This is 6 micro‑sessions plus 1 anchor session, adding up to about 90–120 minutes per week. We can place them in margins: kettle time, commute pauses, a walk, lunch. We will log two numbers only: minutes and domains touched.
The first decision: what to choose. We set a simple selection rule.
- Pick one body skill that increases resilience with age and stress. Options: nasal breathing while walking (10 minutes), farmer’s carry with two bags (2 x 45 meters), single‑leg balance for 90 seconds per leg, grip hangs for 2 x 20 seconds, hip hinge practice with a broomstick (10 reps).

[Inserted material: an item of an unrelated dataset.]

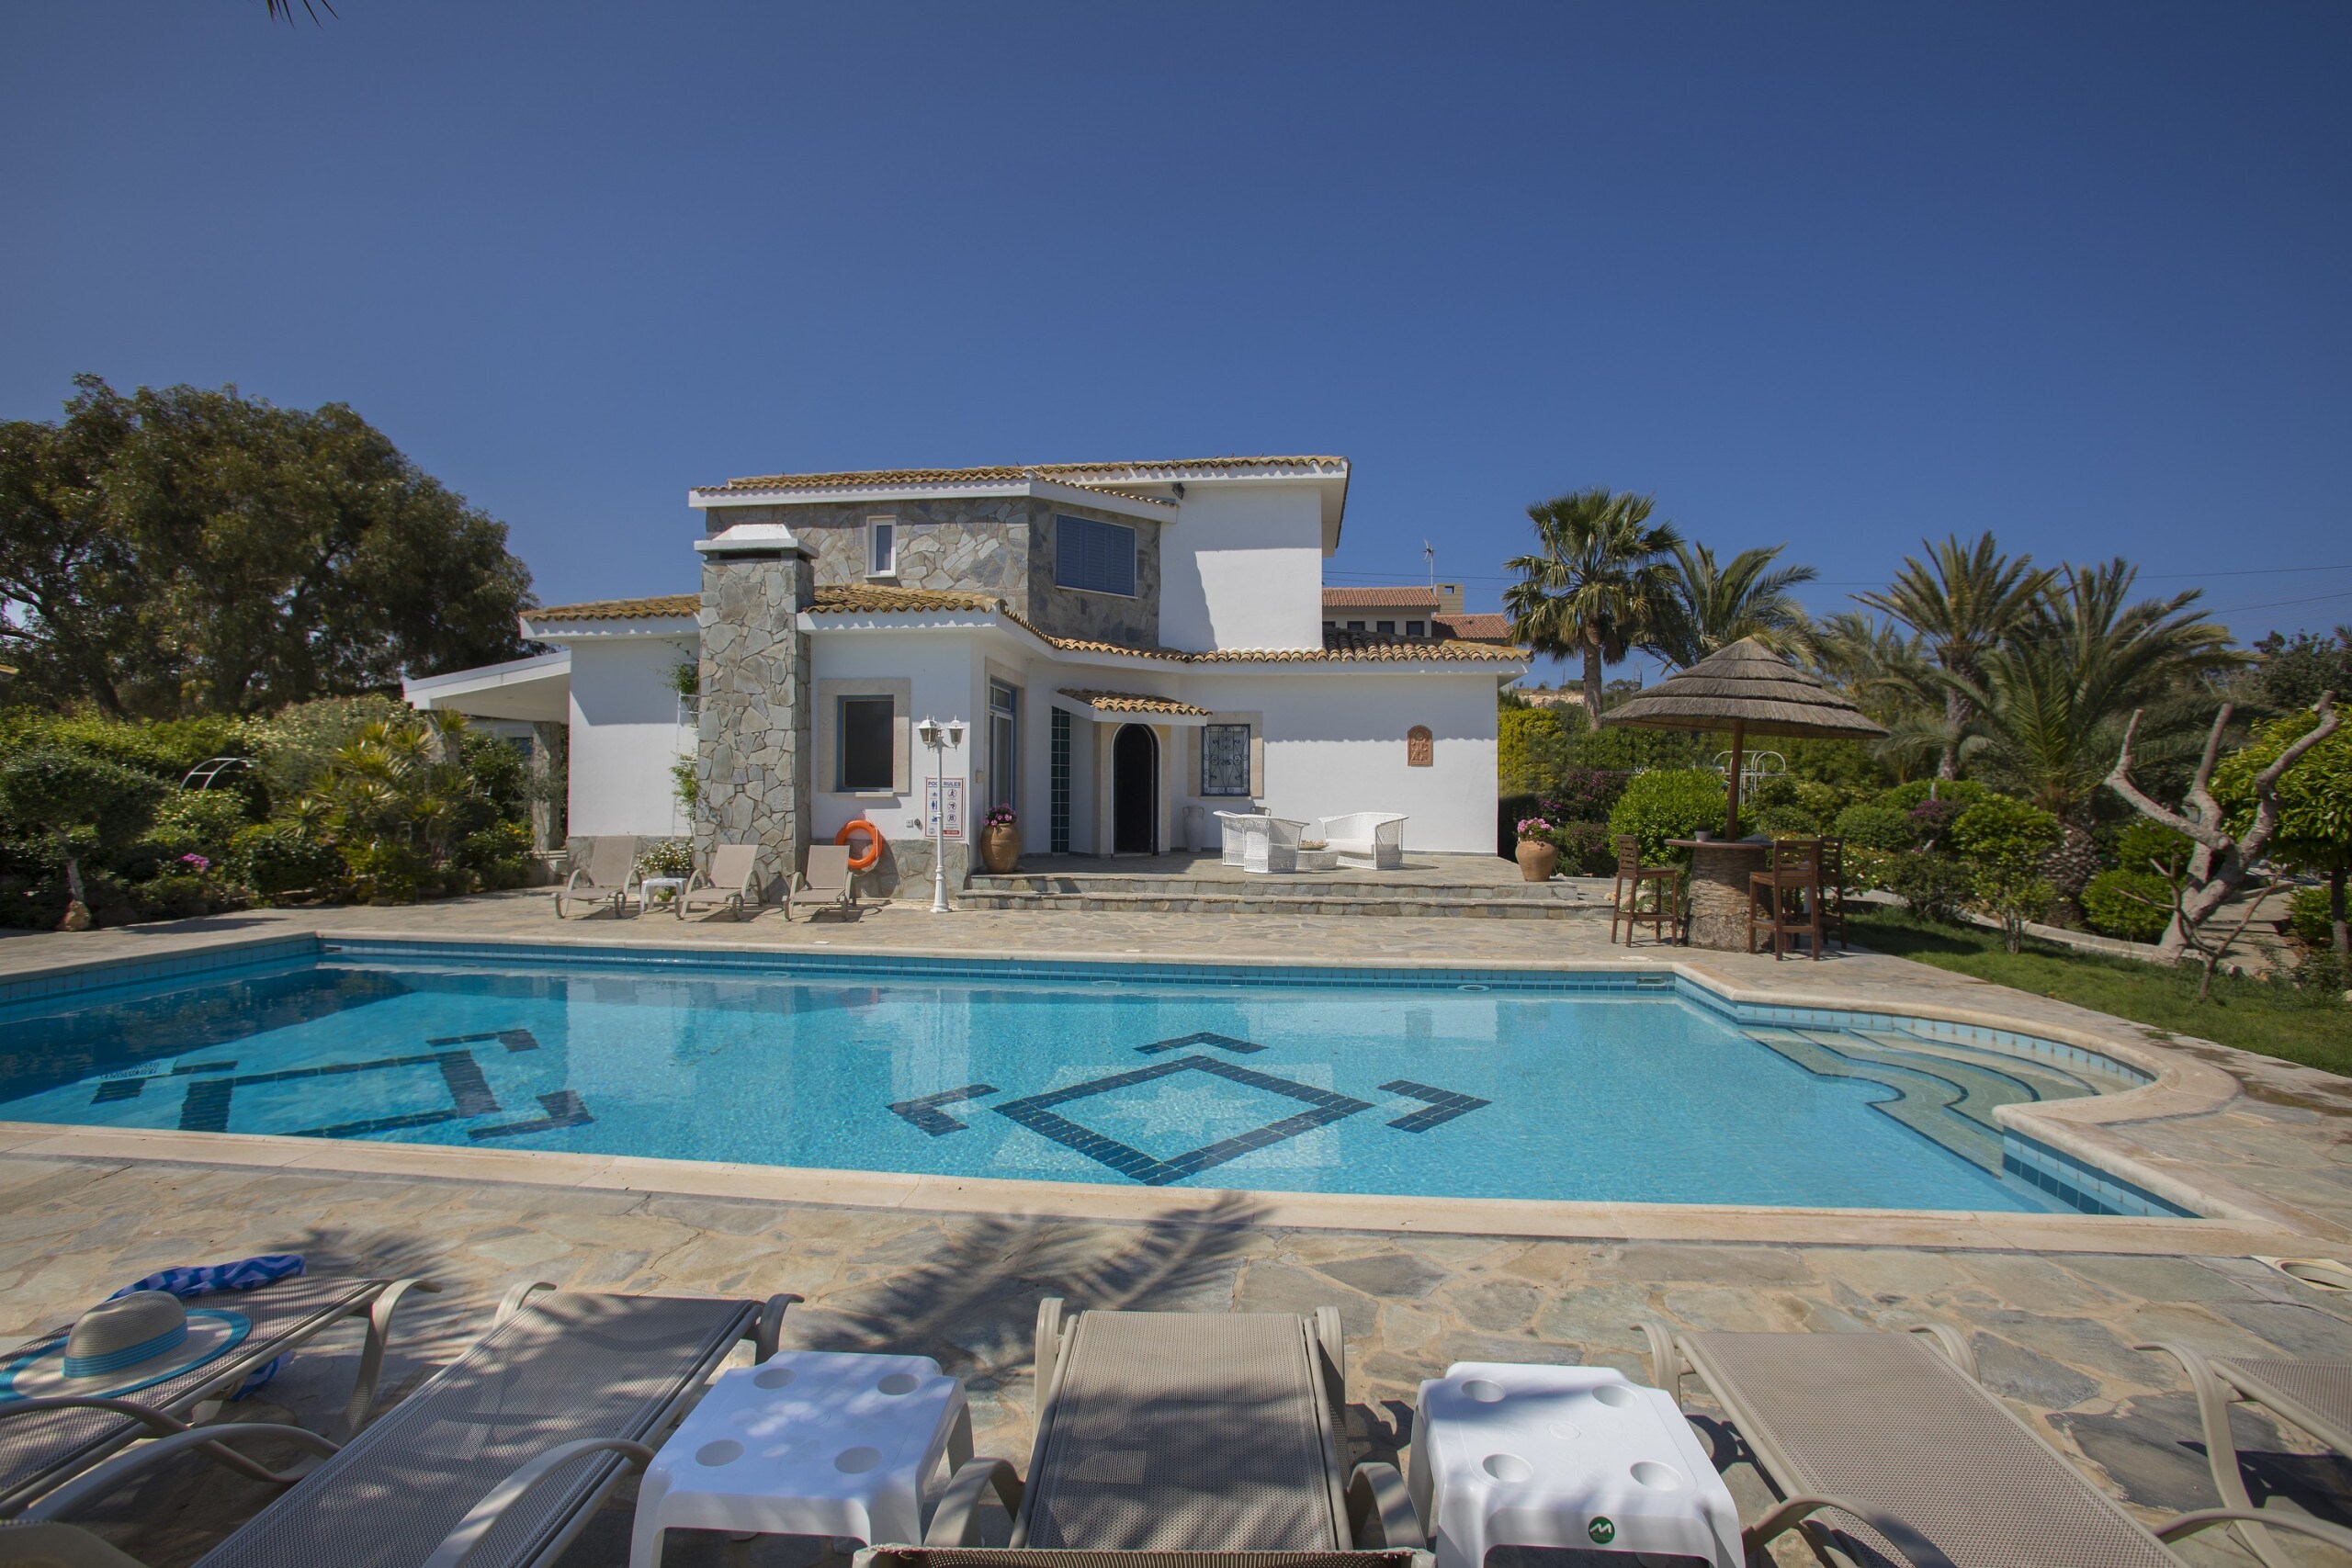 Property Image 2 - Vacation Villa with Great Pool Area near Cape Greco

- Pick one communication skill that helps in high‑stakes moments. Options: 100 words of clear writing (time‑boxed to 10 minutes), stating an ask aloud in a mirror 3 times, summarizing a meeting in 3 bullet sentences, voice warm‑up (lip trills: 2 minutes), 2‑minute “I saw/I felt/I request” practice.
- Pick one technical/craft skill that is two steps away from your duty. If you code, pick public speaking or woodwork. If you market, pick Python or SQL; if you counsel, pick spreadsheet modelling; if you manage, pick basic drawing for thinking. Set a tight scope: 1 exercise per day, 10–15 minutes.
The reality check: costs and failures. There will be friction. We will lose days. We will choose YouTube over practice sometimes. We need a “return path.” That path is small and forgiving: a 5‑minute reset sequence and one weekly checkpoint. We also control the number of domains to three to avoid scattering our attention.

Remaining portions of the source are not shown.